EXERCISE AIM: Aside from the pictures, copy the listing exactly.

------ DATA BELOW

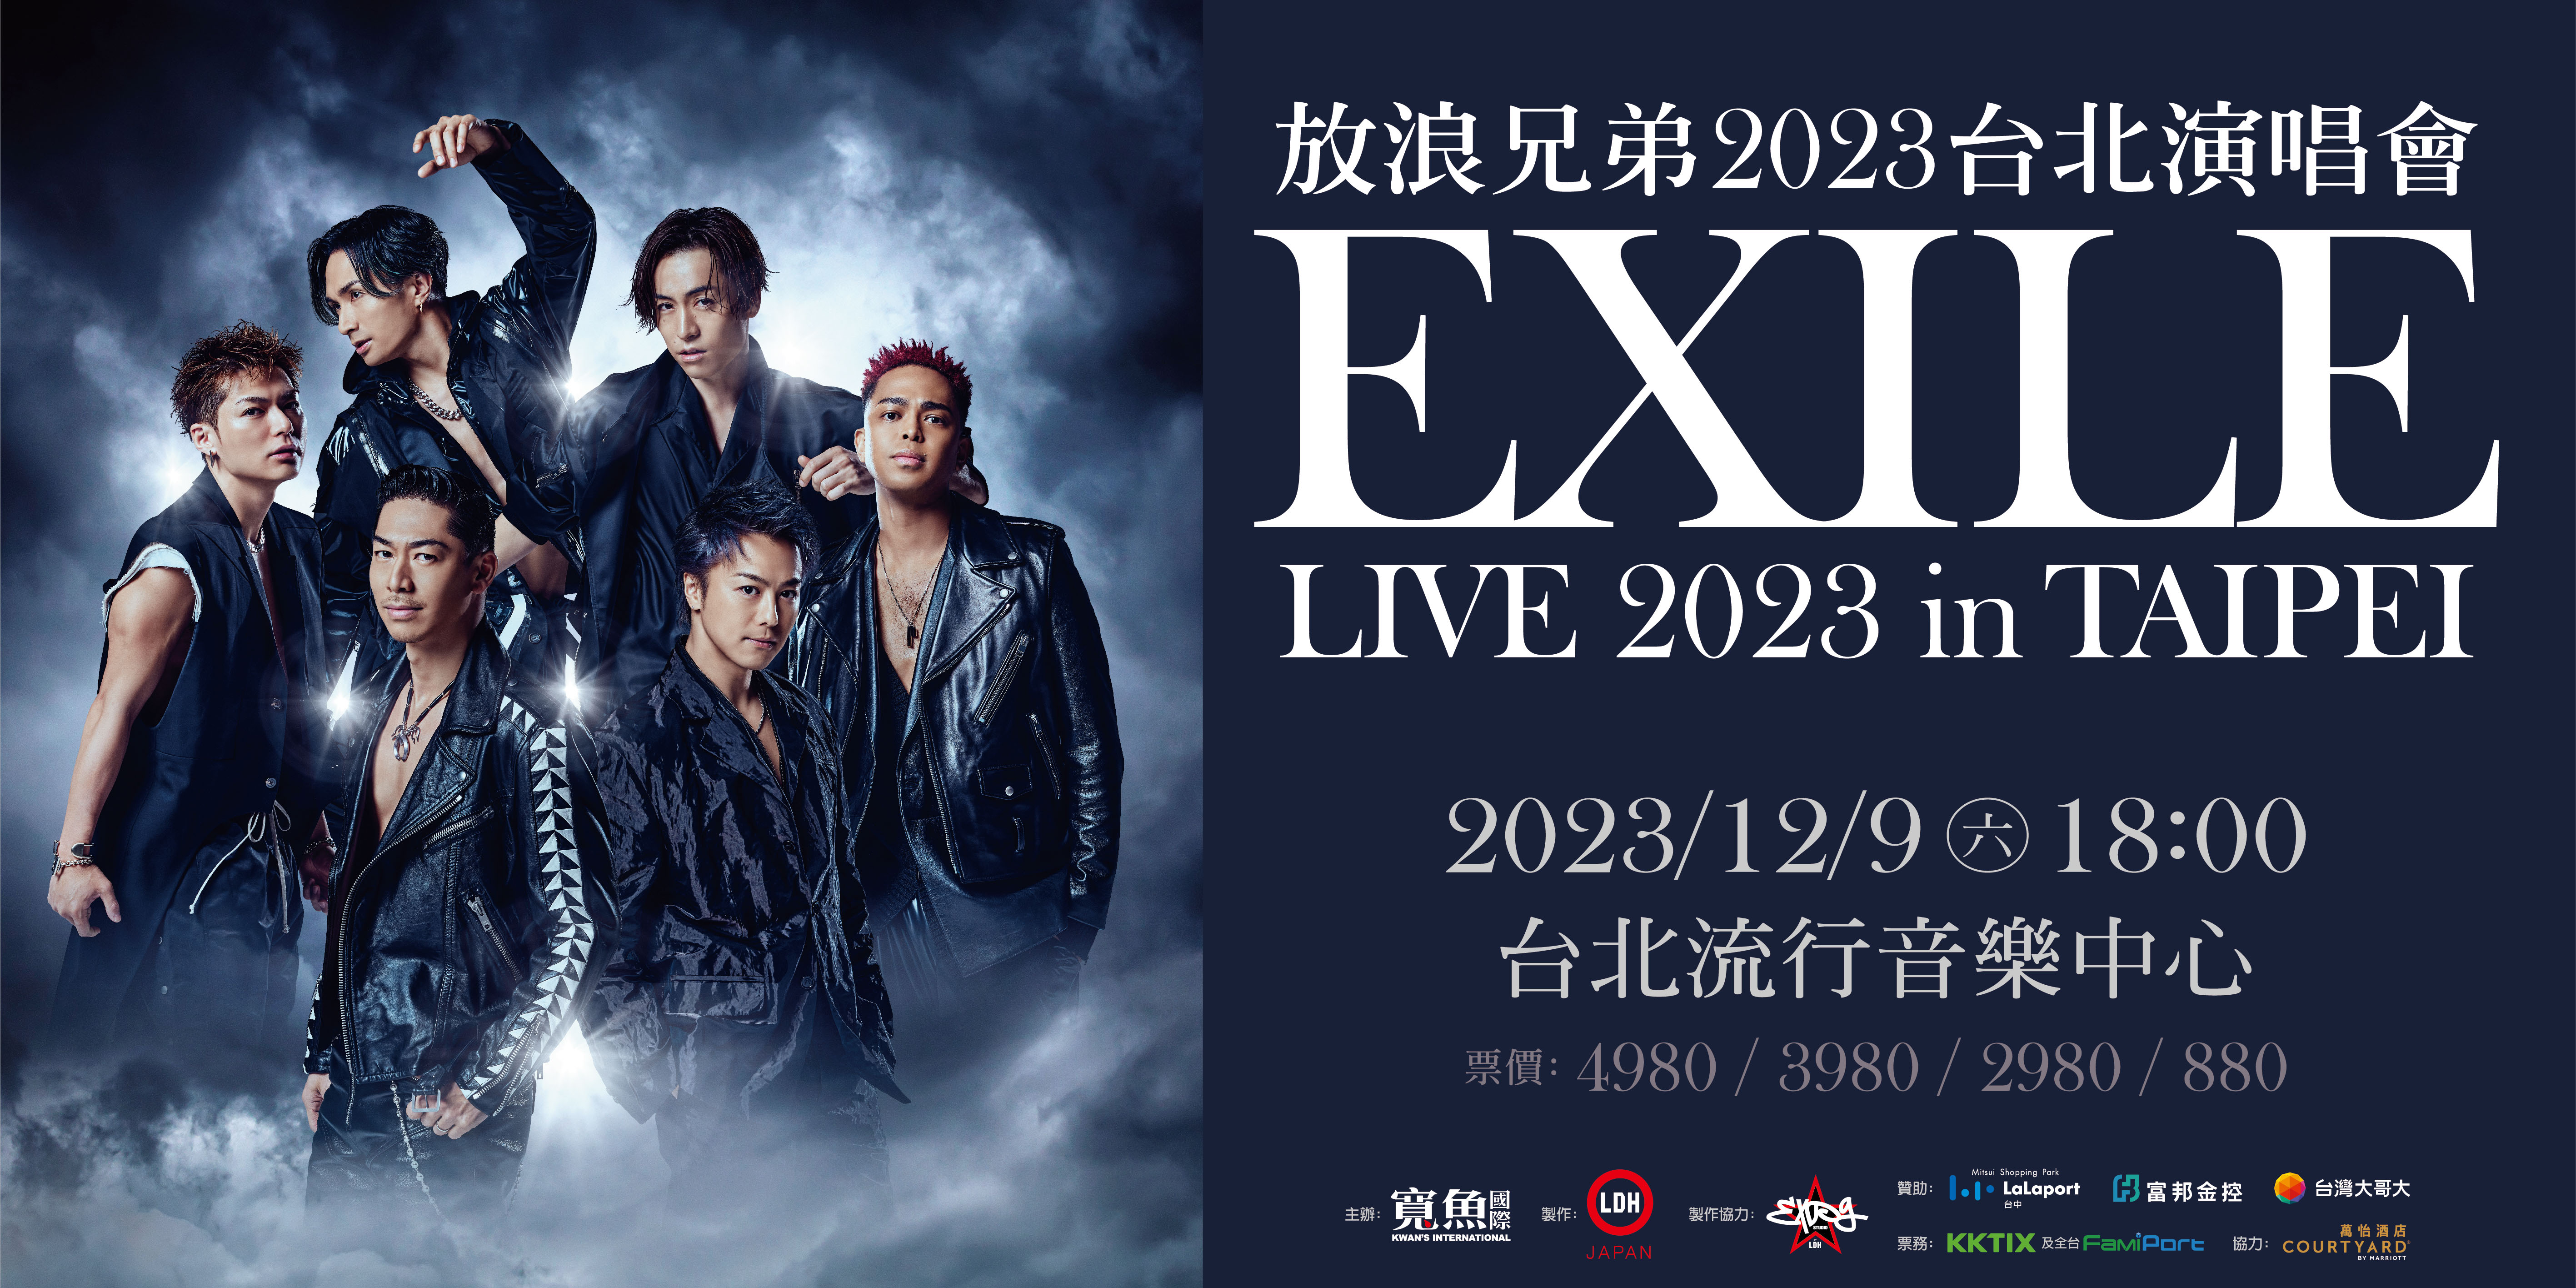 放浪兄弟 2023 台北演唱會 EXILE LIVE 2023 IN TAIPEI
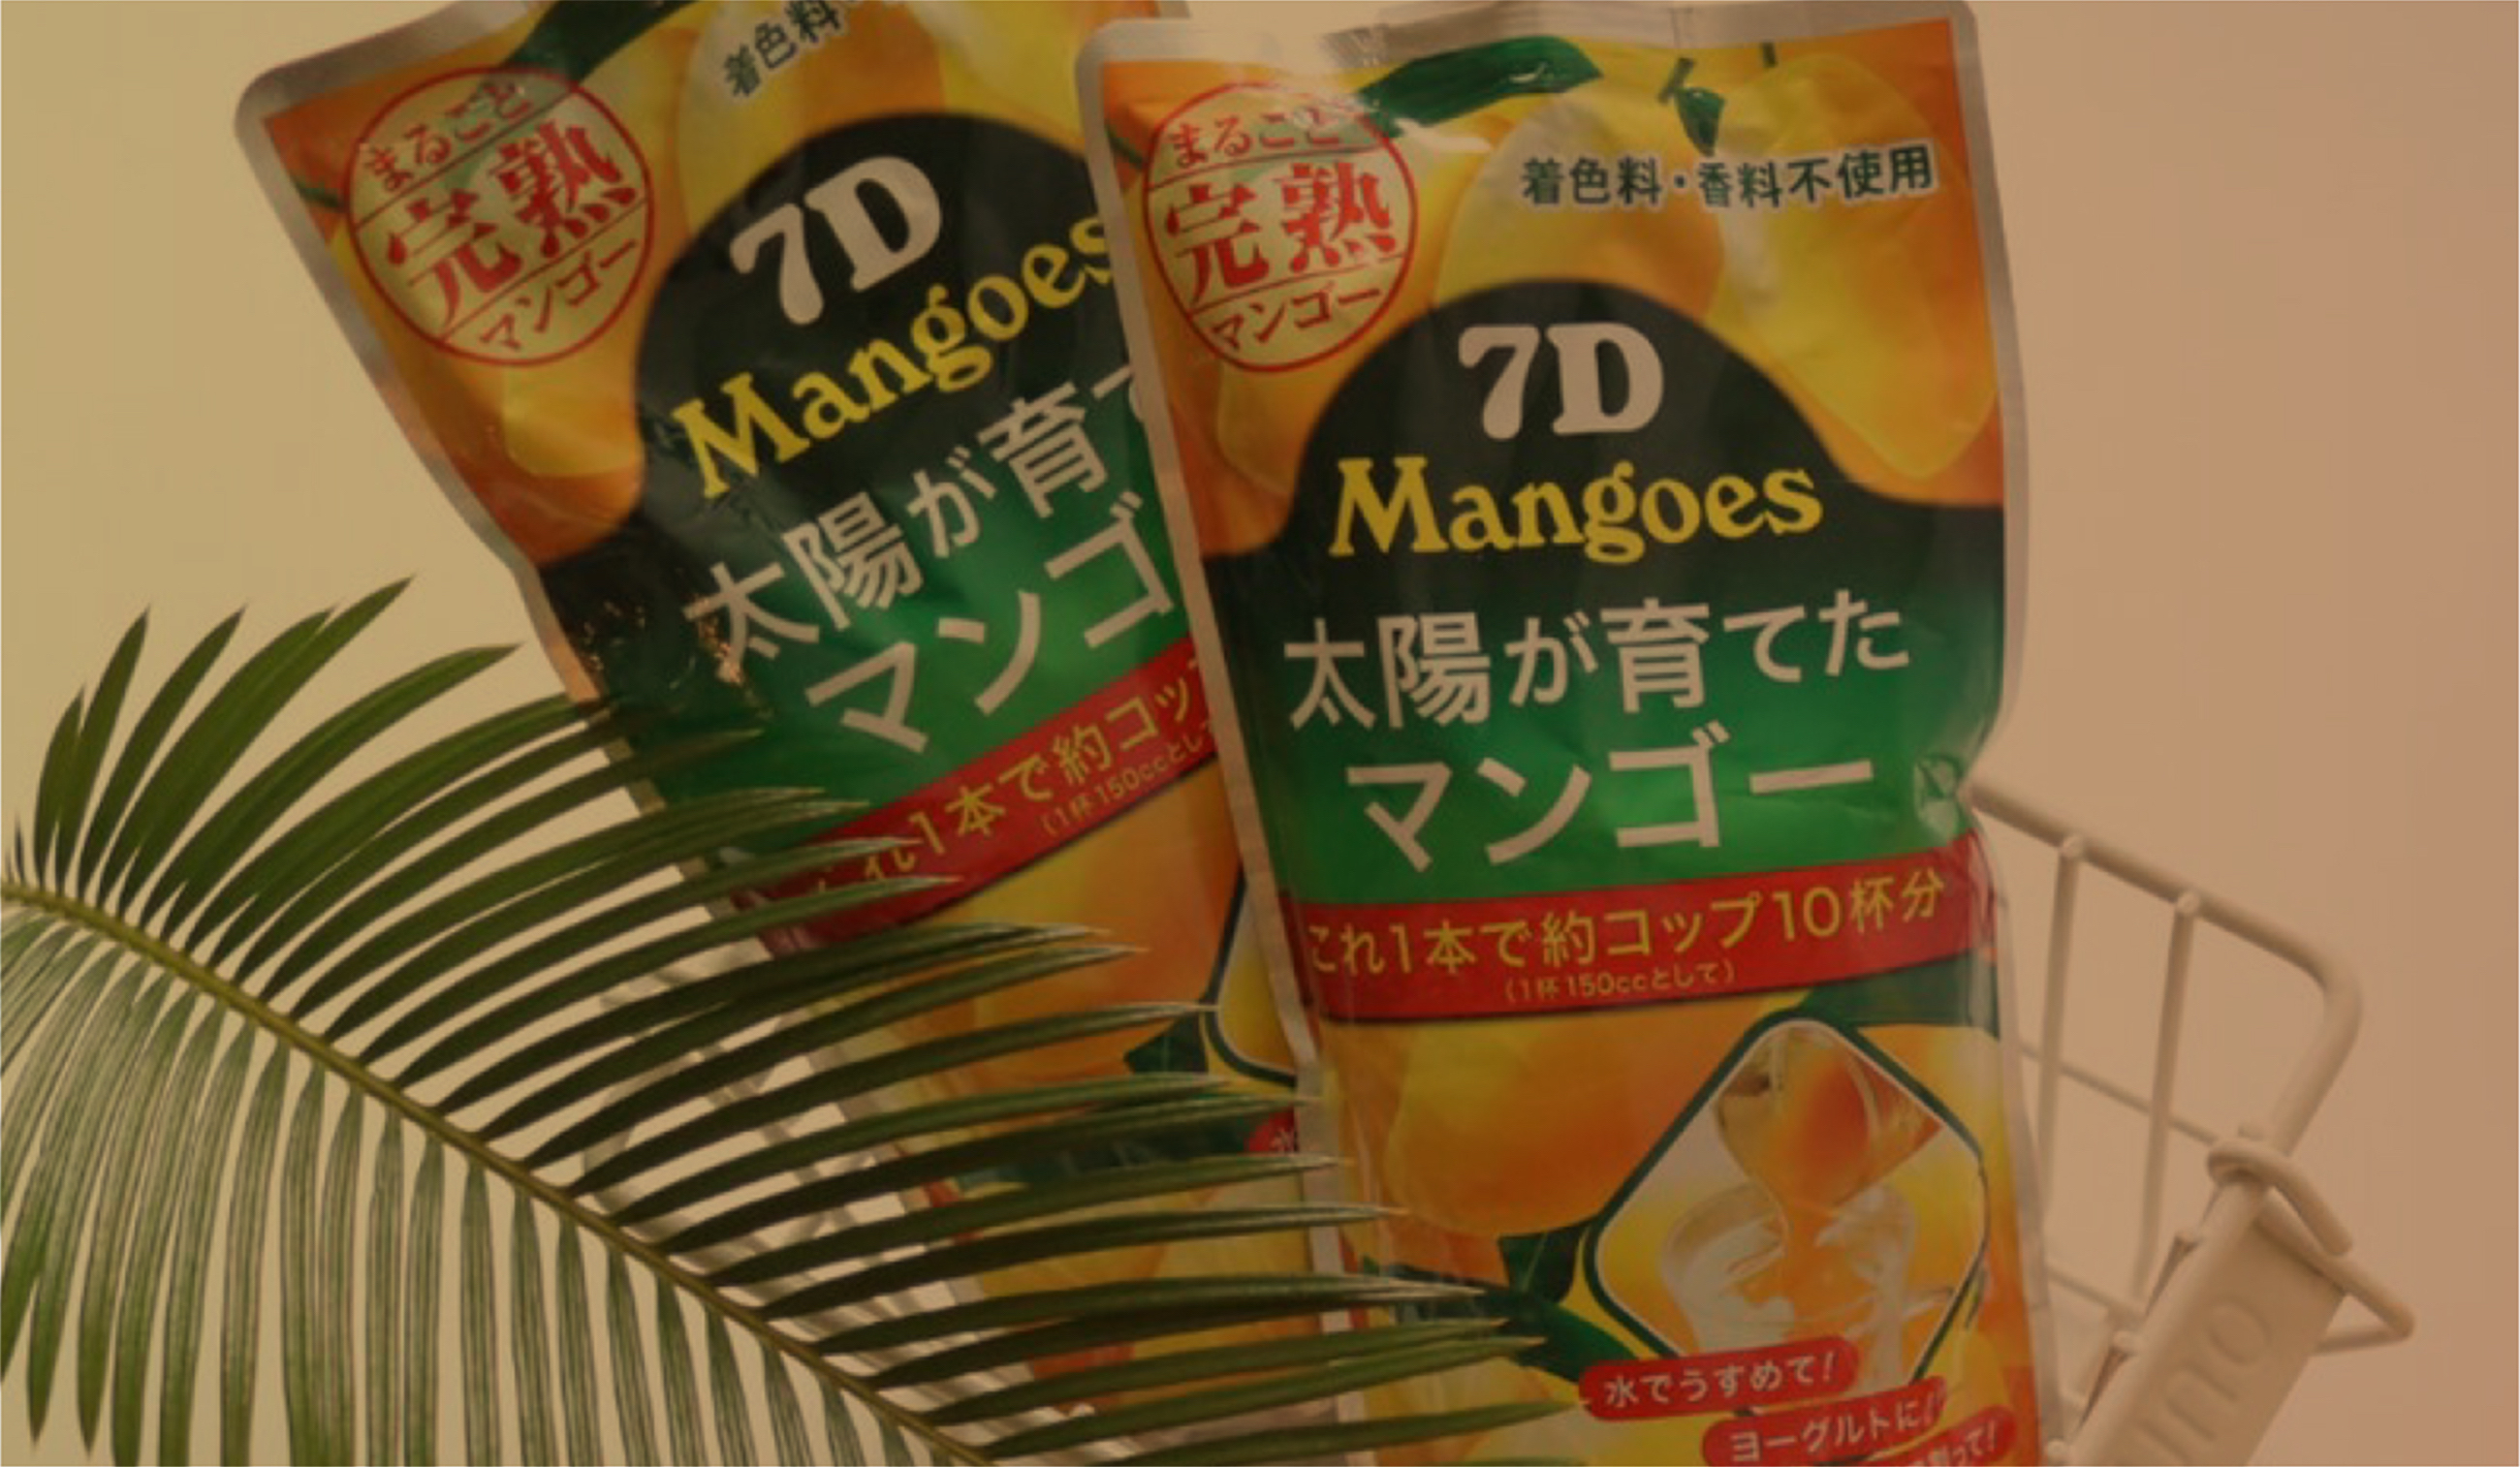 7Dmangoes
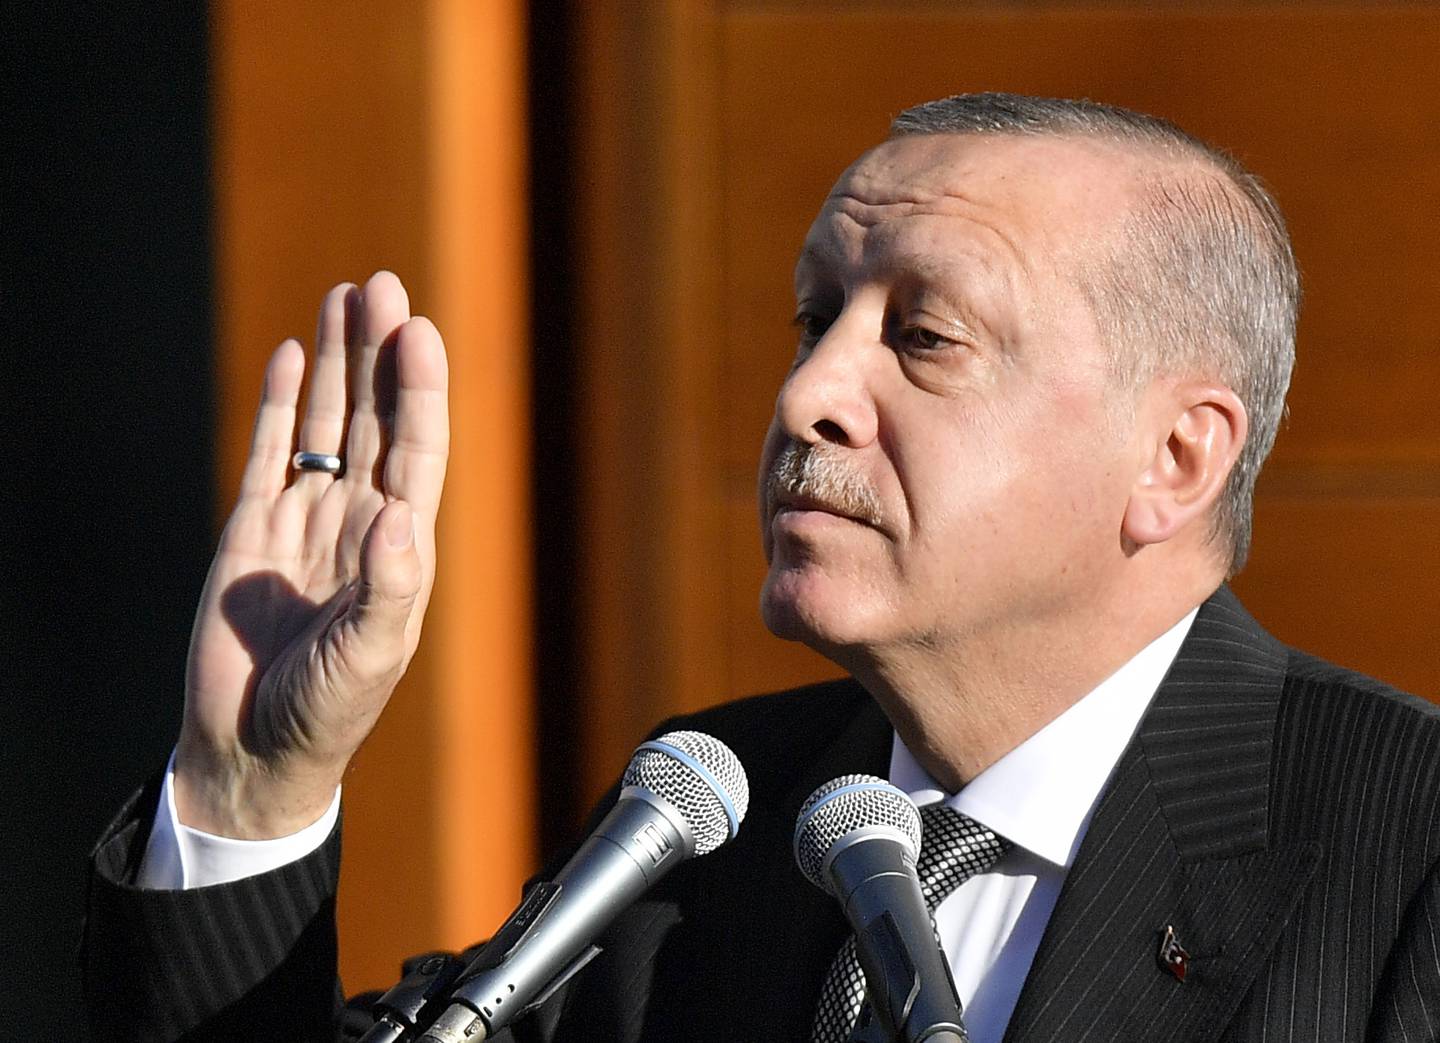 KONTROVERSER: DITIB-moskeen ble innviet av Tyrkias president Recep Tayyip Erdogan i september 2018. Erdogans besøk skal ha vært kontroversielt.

------------

RESULT FOR THIS TASK:
 放浪兄弟 2023 台北演唱會 EXILE LIVE 2023 IN TAIPEI
 7Dmangoes
 KONTROVERSER: DITIB-moskeen ble innviet av Tyrkias president Recep Tayyip Erdogan i september 2018. Erdogans besøk skal ha vært kontroversielt.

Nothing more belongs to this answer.